Assessment of the toxic effects of metals and protons in the environment would benefit from an ability to deal with mixtures. Despite this, recent treatises on metals contamination of aquatic systems give scant treatment to the topic of mixture toxicity (Adams and Chapman, 2007, Luoma and Rainbow, 2008). To interpret the results of laboratory single-metal toxicity studies, the concept of multi-substance Potentially Affected Fractions has been developed, in which results from experiments with single toxicants are used to describe mixtures, assuming either concentration or response additivity (De Zwart and Posthuma, 2005, De Zwart et al., 2006).
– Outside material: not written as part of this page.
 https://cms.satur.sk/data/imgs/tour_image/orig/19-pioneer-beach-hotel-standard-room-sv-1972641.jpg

The Biotic Ligand Model has been applied in a meta-analysis study of metal mixtures, by assessing competition for binding at the biotic ligand between toxic metals (Zn, Cu, Cd), calcium and other major cations (Kamo and Nagai, 2008). A ‘saturation’ model, where toxicity is assumed to be a function of the amount of metal bound to a specific binding site on the organism, has also been tested for mixtures (e.g. Borgmann et al., 2004, Norwood et al., 2007). Expanding these approaches to create predictive models for the full range of conditions, mixtures and organisms in environmental systems would be a formidable task as a large quantity of new data would be required. A pragmatic means of combining single-metal Environmental Quality Standards (EQS) for the field assessment of mixtures is through the use of Cumulative Criterion Units (Clements et al., 2008), calculated as the sum of the ratios of the concentration of each metal to its individual EQS. However, this only predicts an acceptable limit, not a concentration–response relationship, and as applied to date does not take account of chemical speciation and bioavailability.
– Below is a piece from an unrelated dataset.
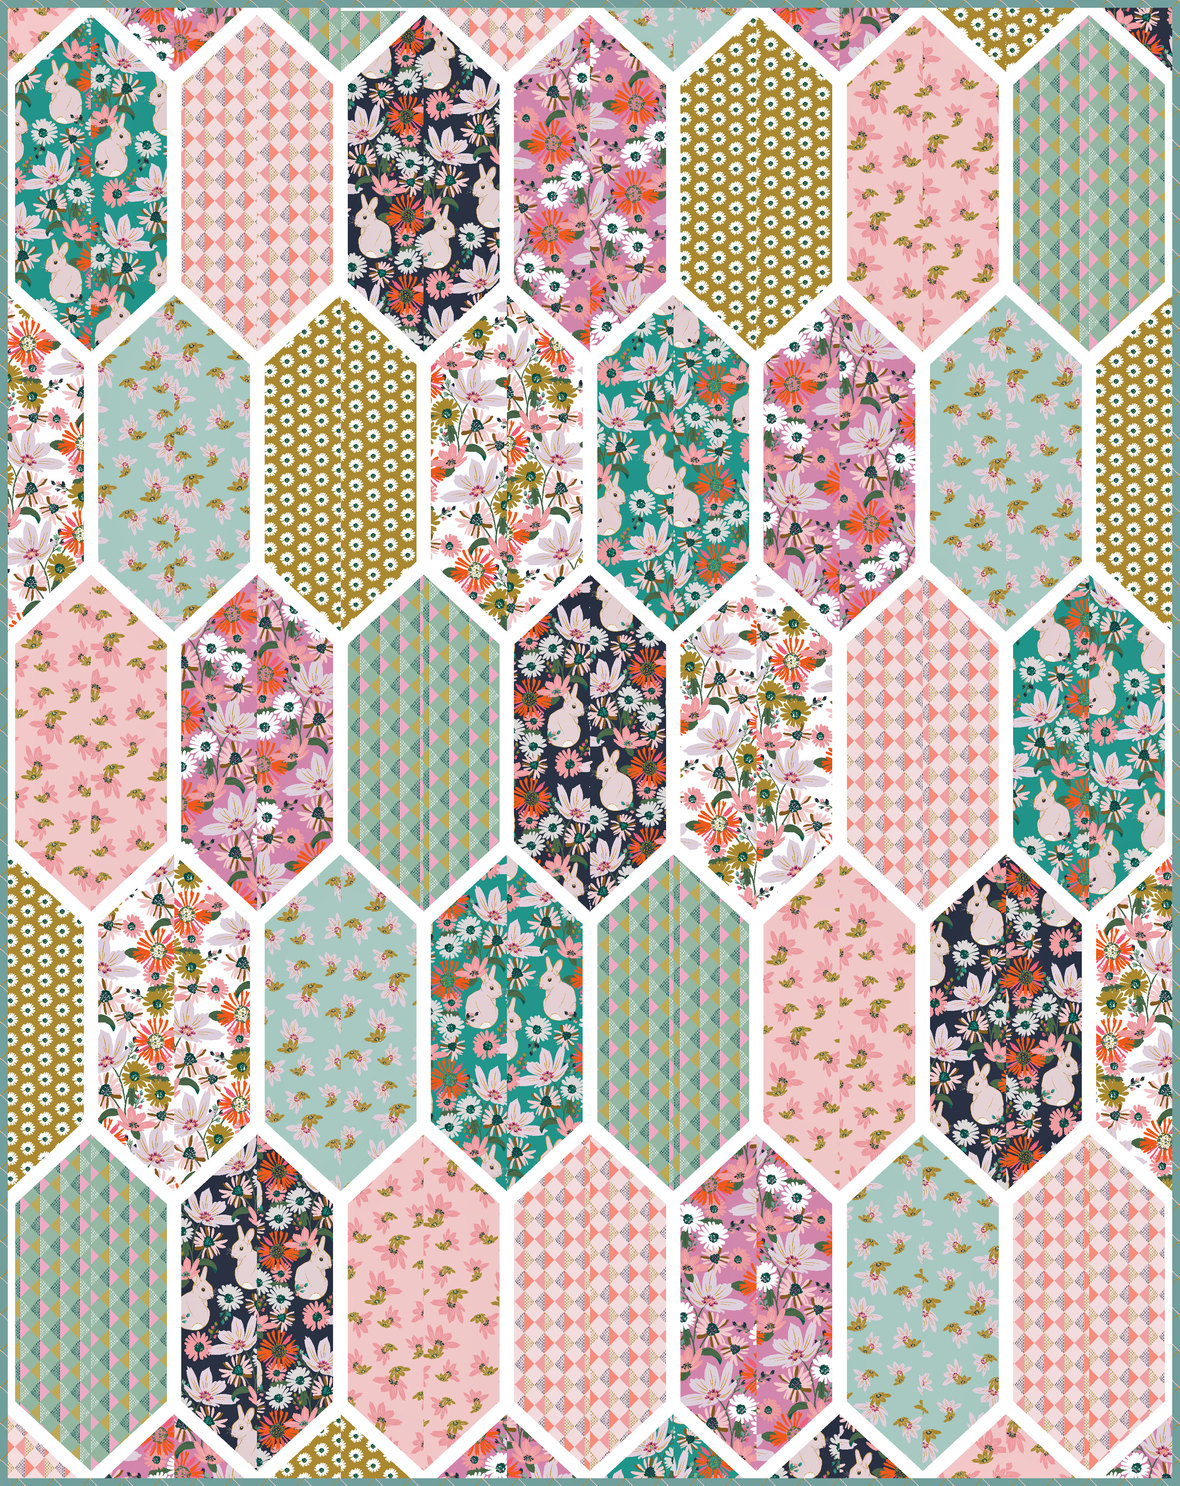 Church-Window-9-half-yards-Bunny-Garden-Fabric-by-Teresa-Chan-for-Hawthorne-Supply-Co

A second issue in toxicity assessment is the need to demonstrate that estimates based on laboratory data apply in the field (Luoma and Rainbow, 2008). While this has been researched quite extensively for protons and aluminium in relation to acidification (Gensemer and Playle, 1999), results for “heavy metals” are sparse. This is clearly important to establish the credibility of EQS, to develop remediation measures, and more generally to understand the relationship between exposure, toxicity and ecological damage.

In the work presented here, we took a field-based approach to address both issues by developing a model, WHAM-F_TOX, that describes the speciation, bioavailability and toxicity of metal mixtures, and is fitted to field ecological observations. We used the Windermere Humic Aqueous Model (WHAM; Tipping, 1994, Tipping, 1998) to calculate both aqueous chemical speciation and to estimate the accumulation of protons and metals by freshwater macroinvertebrates. These model predictions were compared to actual measurements of metal levels in field collected invertebrates. As an ecological response variable we employed macroinvertebrate species richness, specifically of Ephemeroptera, Plecoptera and Trichoptera. The EPT index is routinely employed as a measure of biological integrity and is sensitive to a wide range of stressors (Plafkin et al., 1989). It was appropriate for the present work in view of data availability, established sensitivity, widespread distribution, functional importance in stream ecosystems and sufficient variability to indicate graded responses to metals. We applied the model to published field chemistry and EPT data from over 400 individual streams, studied with respect to either acidification or the impacts of metals from abandoned mines.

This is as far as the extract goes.